### [Task details]
Would you print out all of the data exactly and keep the pictures out of it?

### [Data segment]
'''

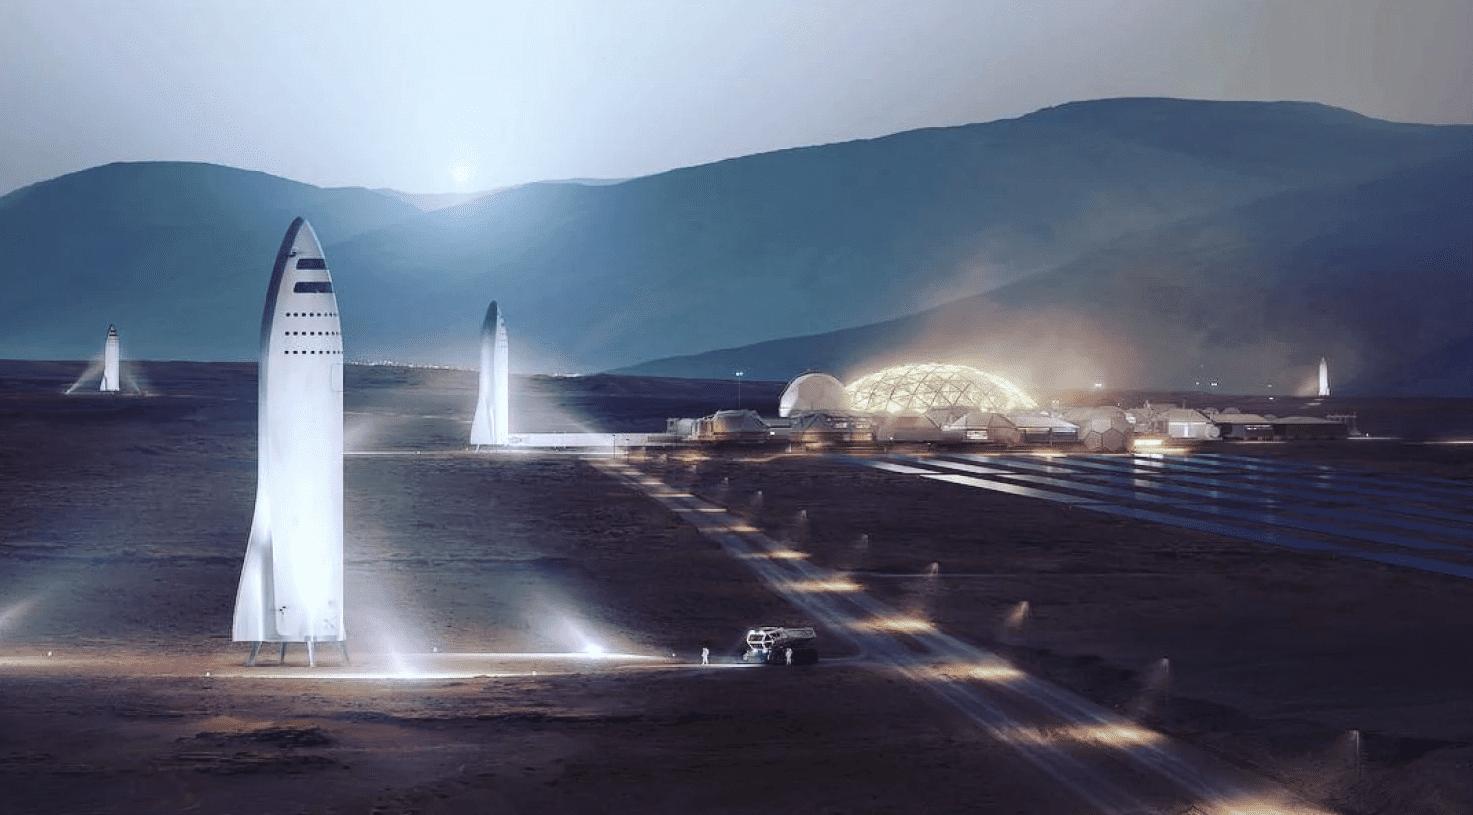 mars landing spacex - photo #12
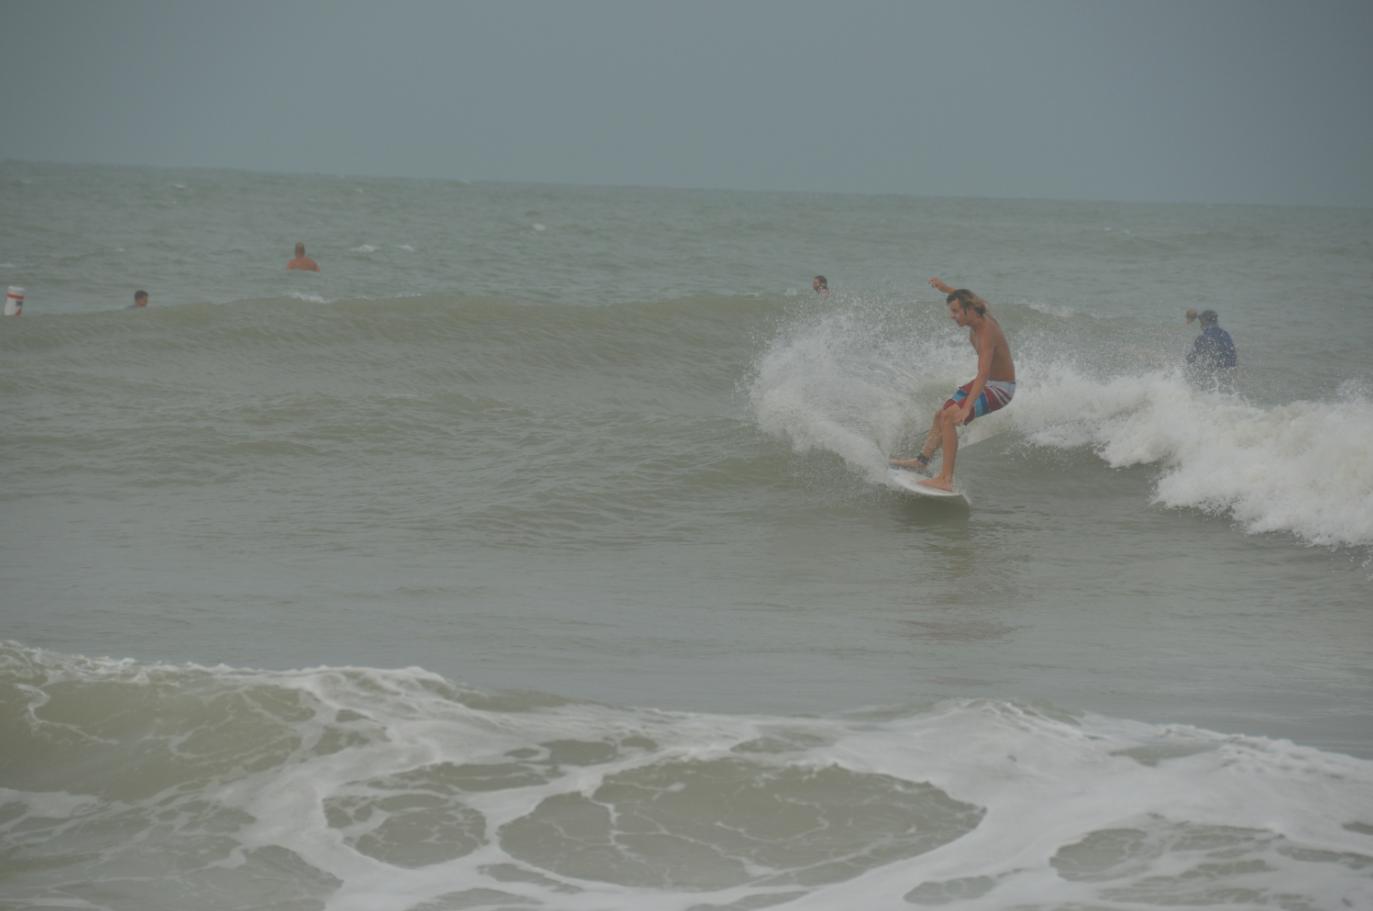 Hurricane Hermine Gulf Surf Gallery WwwSurfingtheGulfcom - 16 epic surfing photos
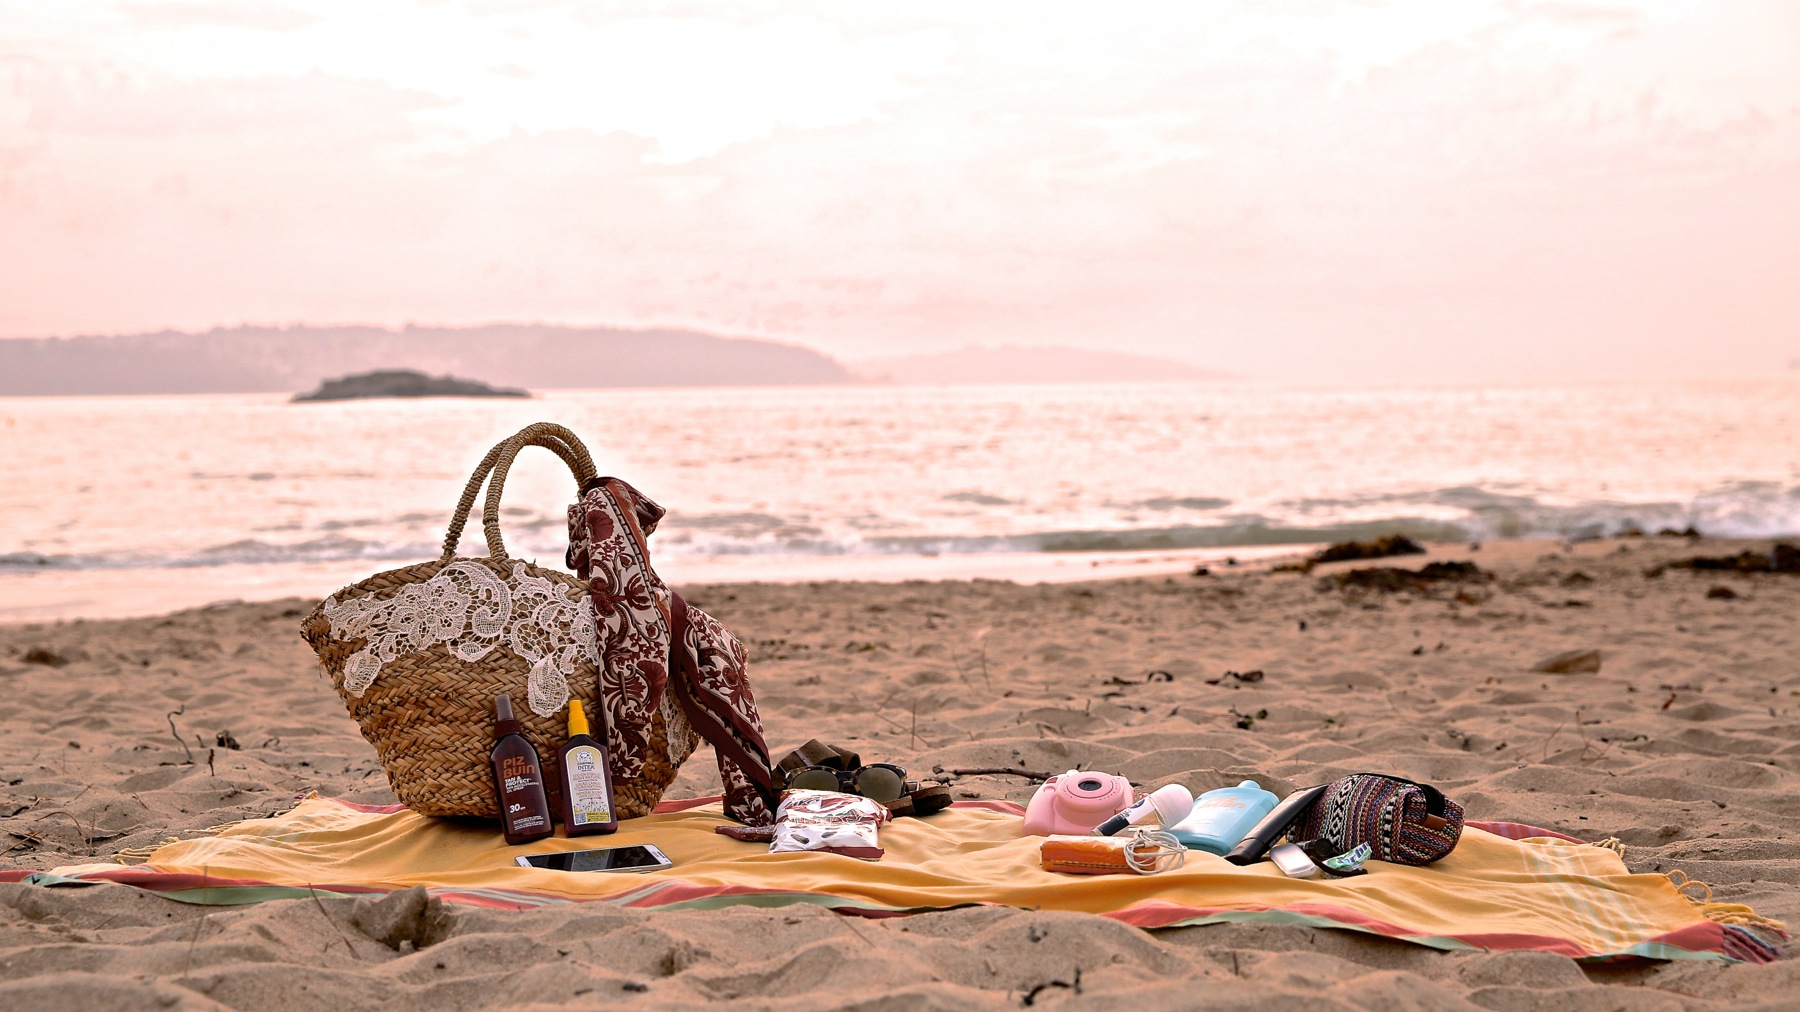 trendy_taste-look-outfit-street_style-boho-ootd-blog-blogger-fashion_spain-moda_españa-verano-crochet-vestido-bikini-hippie-dress-galicia-sunset-puesta_de_sol-piz_buin-2
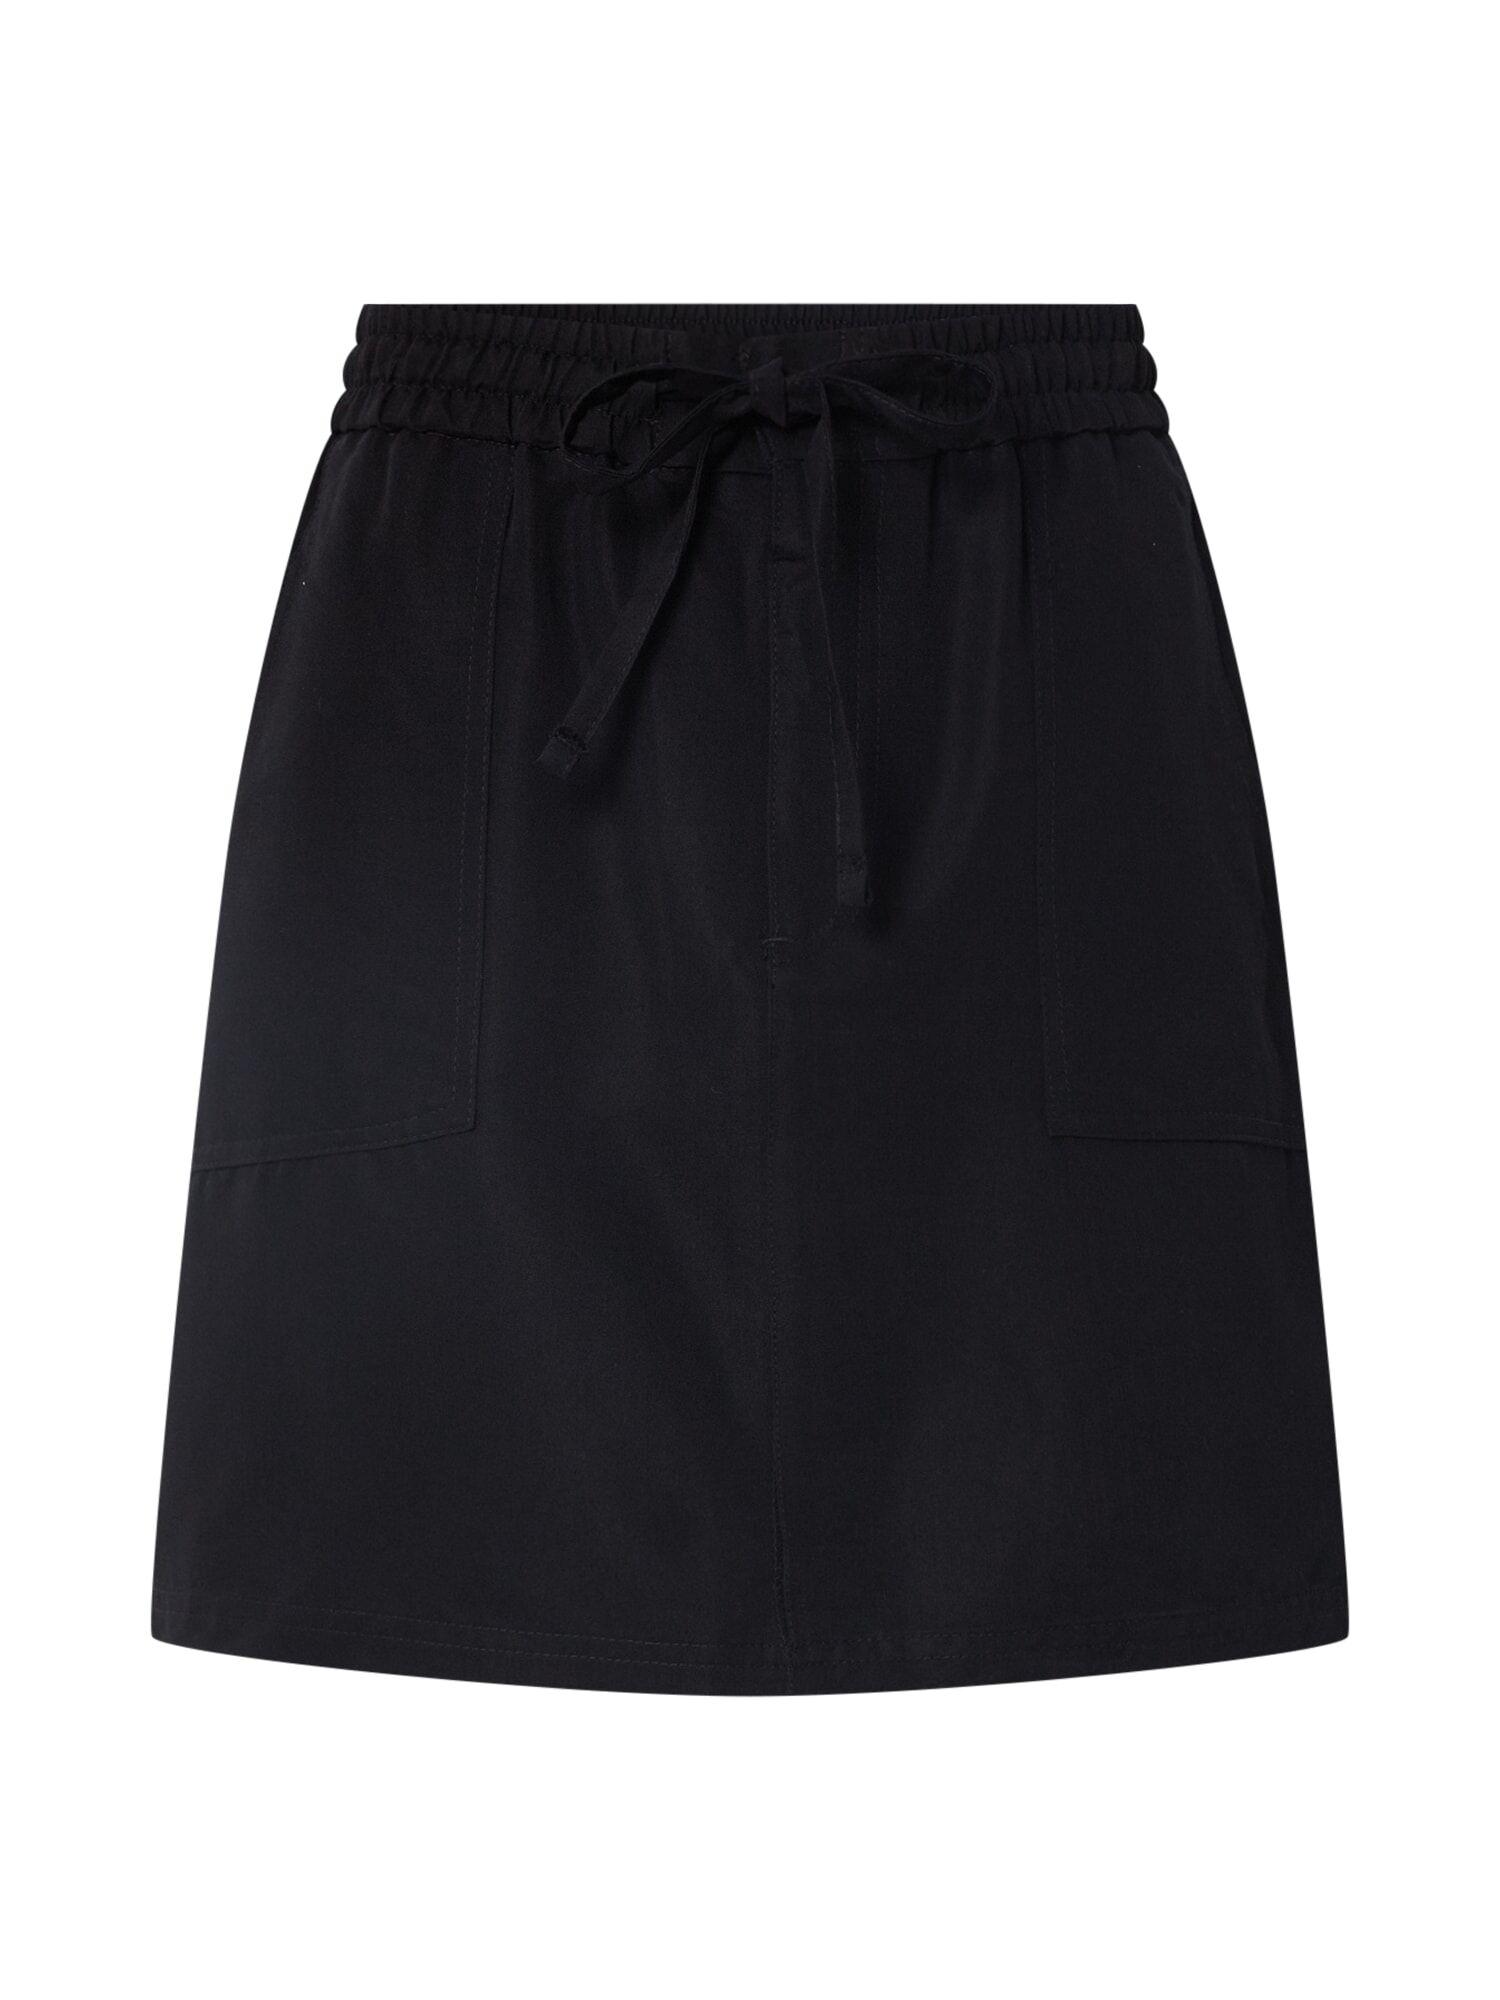 Urban Classics Jupe  - Noir - Taille: S - female

'''

### [Exercise answer]
 mars landing spacex - photo #12
 Hurricane Hermine Gulf Surf Gallery WwwSurfingtheGulfcom - 16 epic surfing photos
 trendy_taste-look-outfit-street_style-boho-ootd-blog-blogger-fashion_spain-moda_españa-verano-crochet-vestido-bikini-hippie-dress-galicia-sunset-puesta_de_sol-piz_buin-2
 Urban Classics Jupe  - Noir - Taille: S - female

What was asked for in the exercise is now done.